Adentrarse en este caso es peligroso. Igual que ocurre con todo lo que en este país conlleva ser y estar frente a otro estar y ser. Y más aún si sé es y se hace desde la independencia y el cuestionamiento de una u otra posición. Pero si se sopesan las dudas y las sombras parece evidente que, entre la mujer y la pandilla masculina, se emborronaron el deseo, la libertad, el respeto, la inocencia y la culpabilidad. Que entre el consentimiento y la violación se encuentran la sospecha de la ebriedad y la dominación, la vulnerabilidad y la fuerza, la atmósfera y la toxicidad, la conciencia y la vergüenza. Cada binomio debió ser analizado de manera más pausada, más íntima y más convincente por la policía, los psicólogos, los médicos, los abogados y la juez. Sin esa habitual predisposición a compartir pistas, recelos y hallazgos en tiempo real. La labor policial y judicial requieren más calma, más confidencialidad. Es preocupante que en pocas horas una chica pase de ser víctima a ninfómana. Que unos chicos sean evidentes delincuentes desarraigados a convertirse en mártires de los prejuicios sociales. Que una juez sea el blanco de un linchamiento en la red y ahora le toque el turno al abogado defensor. Sin olvidar que todavía son muchas las voces que consideran culpables a sus clientes. Lo mismo que otras juzgan por igual el comportamiento de la joven. La moral es hipócrita e ideológica. Muchas veces se expresa desde una educación machista y un convencimiento político y otras desde movimientos que combaten esa cultura y la dureza de una realidad. La primera yerra en lo ético, la segunda cuando la ciegan la rabia y el dolor. En medio de ambas la verdad zozobra y el corazón de la historia se tensa por las impurezas y el ardor que hay entre la absolución y el convencimiento acusatorio. Los jóvenes y su abogado piensan ahora denunciar a la joven. Ella y su familia guardan silencio y moral, misterio o indignación. Mientras en la calle y en la red continúan las preguntas sin respuestas y las voces que erigen en hoguera su verdad.

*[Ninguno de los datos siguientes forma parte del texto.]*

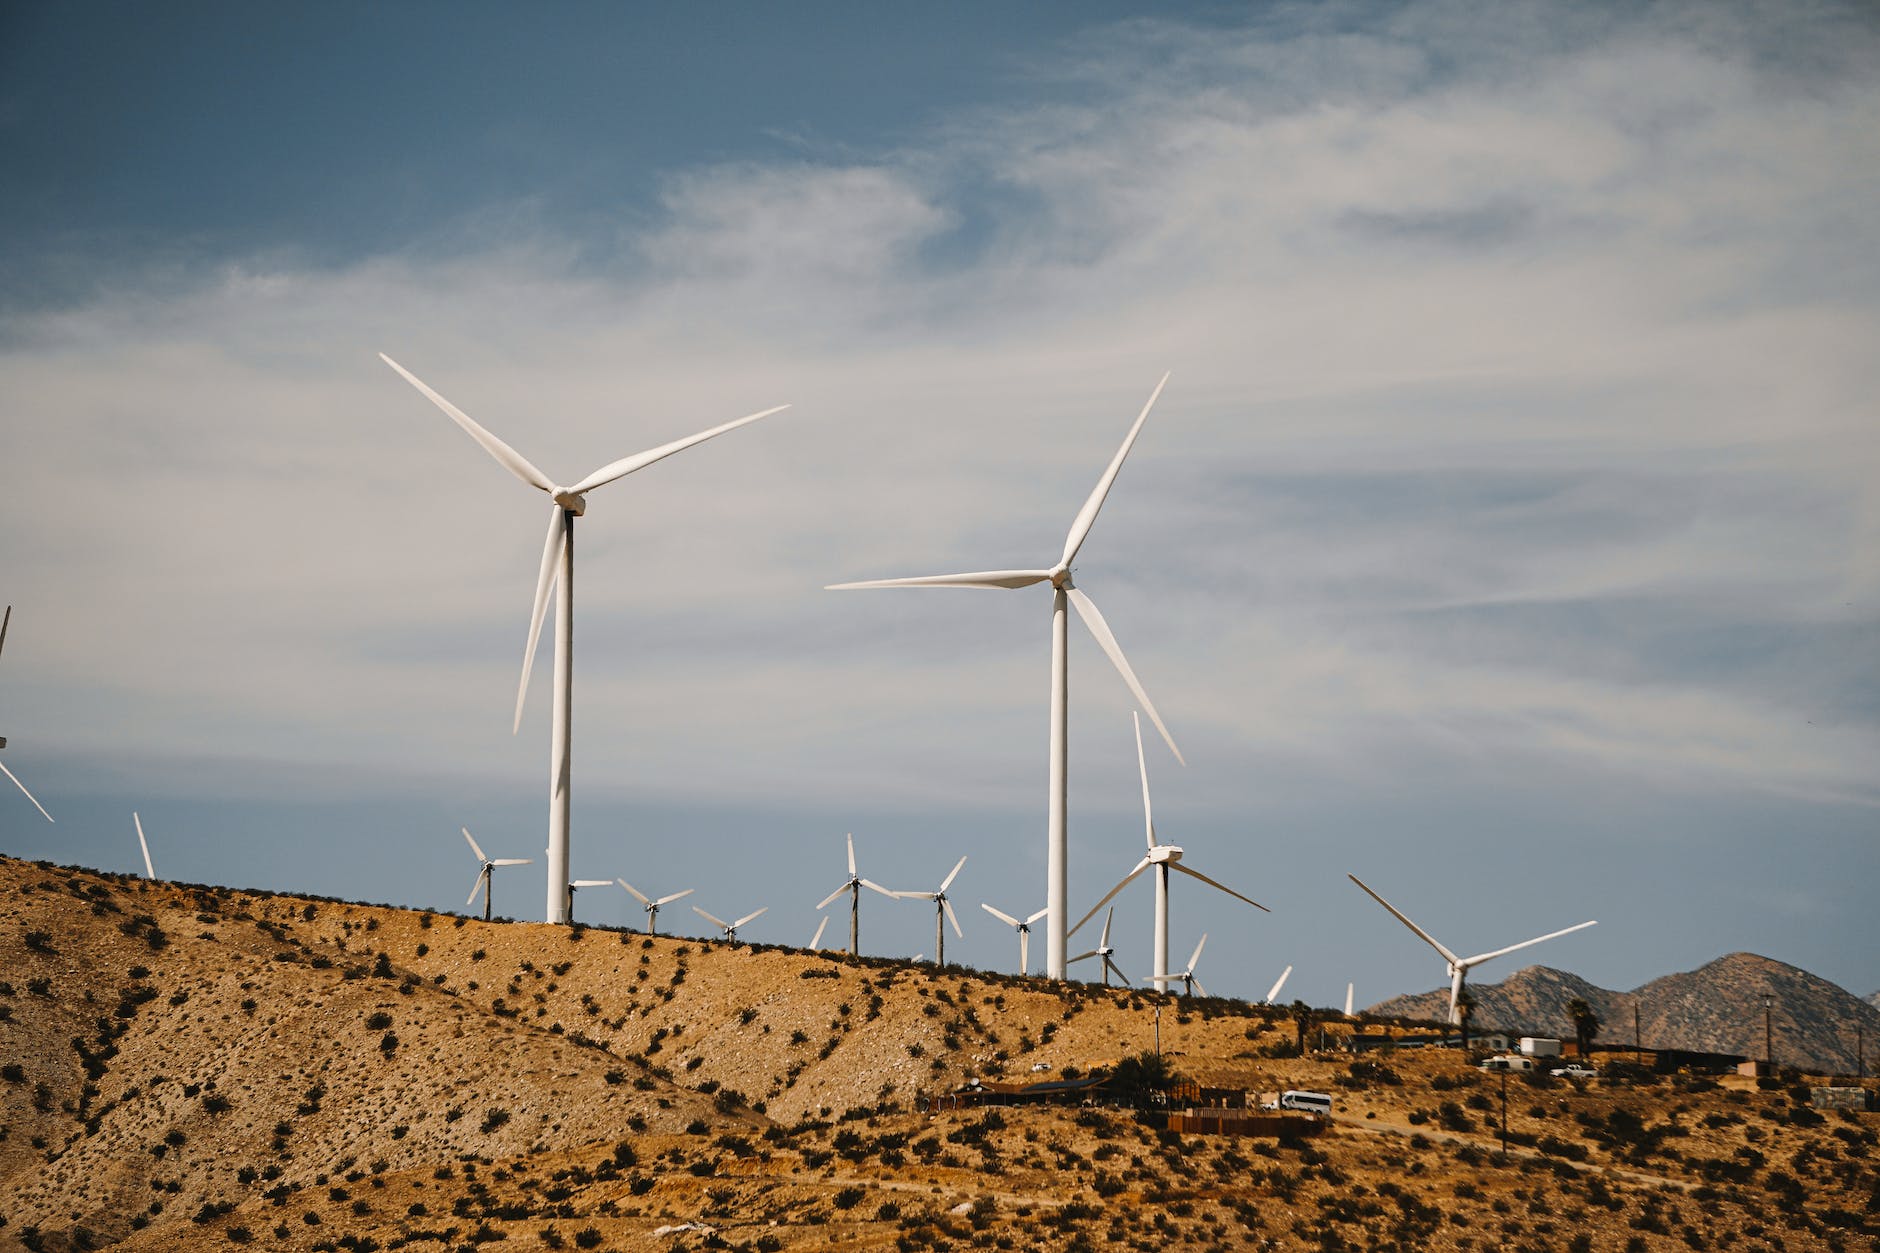 a wind farm in the desert

Los datos duelen. En 2013 hubo 1.298 agresiones sexuales con penetración. Los parques, los garajes, el portal de las casas, la madrugada de un fin de fiesta, fueron los escenarios en los que las víctimas perdieron su dignidad y comenzaron a tener que defenderse de un secreto difícil de cicatrizar. Porque son muchas las que no denuncian. A veces por vergüenza y otras porque consideran que la policía evalúa sin tacto el grado de conciencia, la reacción al miedo, las heridas de la defensa o las huellas del abuso, sin hablar de la indignación que produce la confusión masculina ante la invitación, el consentimiento, la reconsideración y el doblegamiento. A este dato va emparejado el de la página web del Ministerio de Interior recomendado no hacer auto stop, transitar por calles mal iluminadas en horas avanzadas o entrar en un ascensor con un desconocido. Sólo falta pedir recato al elegir el prét-a-porter. No es extraño que aumente la cifra de militantes en el Slut Walk (marcha de las prostitutas) que defiende el derecho de las mujeres a vestir tan provocativamente como ellas quieran.

Está claro. La violación es un grave problema social que tiene que combatirse desde la educación y la justicia. Lo mismo que desde la justicia y la educación hay que poner en valor que la inocencia no es una apariencia ni se puede violar a cara o cruz.